Conservative treatment of patellar tendinopathy has been minimally investigated. Effective validated treatment protocols are required.
To investigate the immediate (12 weeks) and long term (12 months) efficacy of two eccentric exercise programmes for the treatment of patellar tendinopathy.
This was a prospective randomised controlled trial of 17 elite volleyball players with clinically diagnosed and imaging confirmed patellar tendinopathy. Participants were randomly assigned to one of two treatment groups: a decline group and a step group. The decline group were required to perform single leg squats on a 25 degrees decline board, exercising into tendon pain and progressing their exercises with load. The step group performed single leg squats on a 10 cm step, exercising without tendon pain and progressing their exercises with speed then load. All participants completed a 12 week intervention programme during their preseason. Outcome measures used were the Victorian Institute of Sport Assessment (VISA) score for knee function and 100 mm visual analogue scale (VAS) for tendon pain with activity. Measures were taken throughout the intervention period and at 12 months.
Both groups had improved significantly from baseline at 12 weeks and 12 months. Analysis of the likelihood of a 20 point improvement in VISA score at 12 months revealed a greater likelihood of clinical improvements in the decline group than the step group. VAS scores at 12 months did not differ between the groups.
Both exercise protocols improved pain and sporting function in volleyball players over 12 months. This study indicates that the decline squat protocol offers greater clinical gains during a rehabilitation programme for patellar tendinopathy in athletes who continue to train and play with pain.

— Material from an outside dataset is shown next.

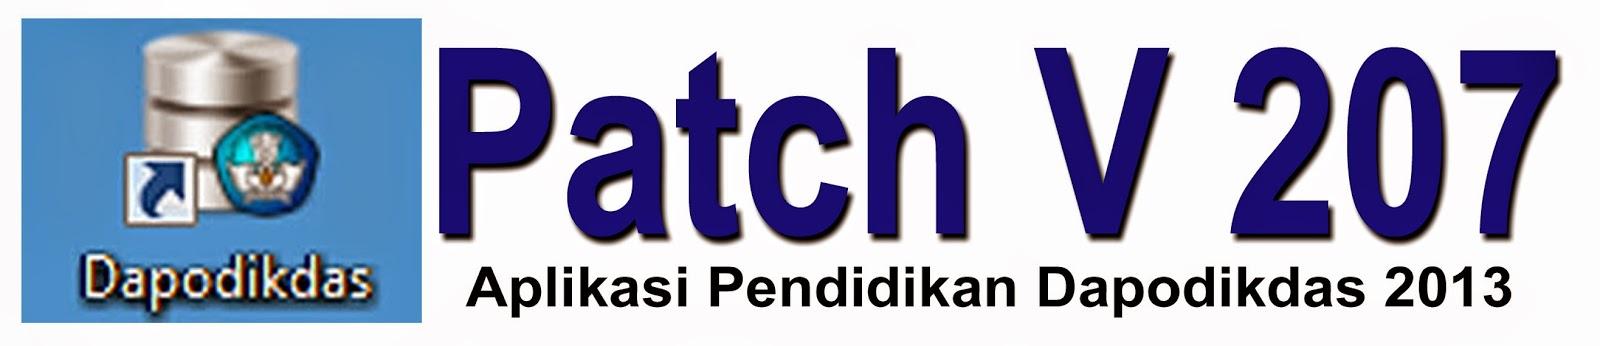 dapodik helper untuk patch 207

Diagnosis: Patellar Tendinopathy
Outcome: VISA-P and VAS scores comparing eccentric single leg squat stepping down a block, vs. single leg squat on a 25 degree decline board to increase quadriceps recruitment. Scores on graph so approximate but step group VISA-P was 56 at baseline, 66 at 12 weeks and 68 at 12 months. Decline group was 62 at baseline, 78 at 12 weeks, and 84 at 12 months. VAS score improved over time in both groups but was not significantly different.
When Assessed: 12 weeks and 12 months.
Subjects: 17 elite volleyball players 18-35 years old
Protocol: 3 sets of 15 reps of eccentric single leg squats performed twice per day in both groups starting with body weight. The step group (10 cm height) was instructed to train with “minimal pain” while the decline (25 degree) group were instructed to train into “moderate” pain. The decline group increased resistance when pain decreased, while the step group was instructed to progress speed from slow to fast before increasing resistance as per Stanish protocol.
Other Activity: Sounds like exercise protocol was initiated and completed in the preseason and then the athletes were tracked for the full competitive season with no additional intervention.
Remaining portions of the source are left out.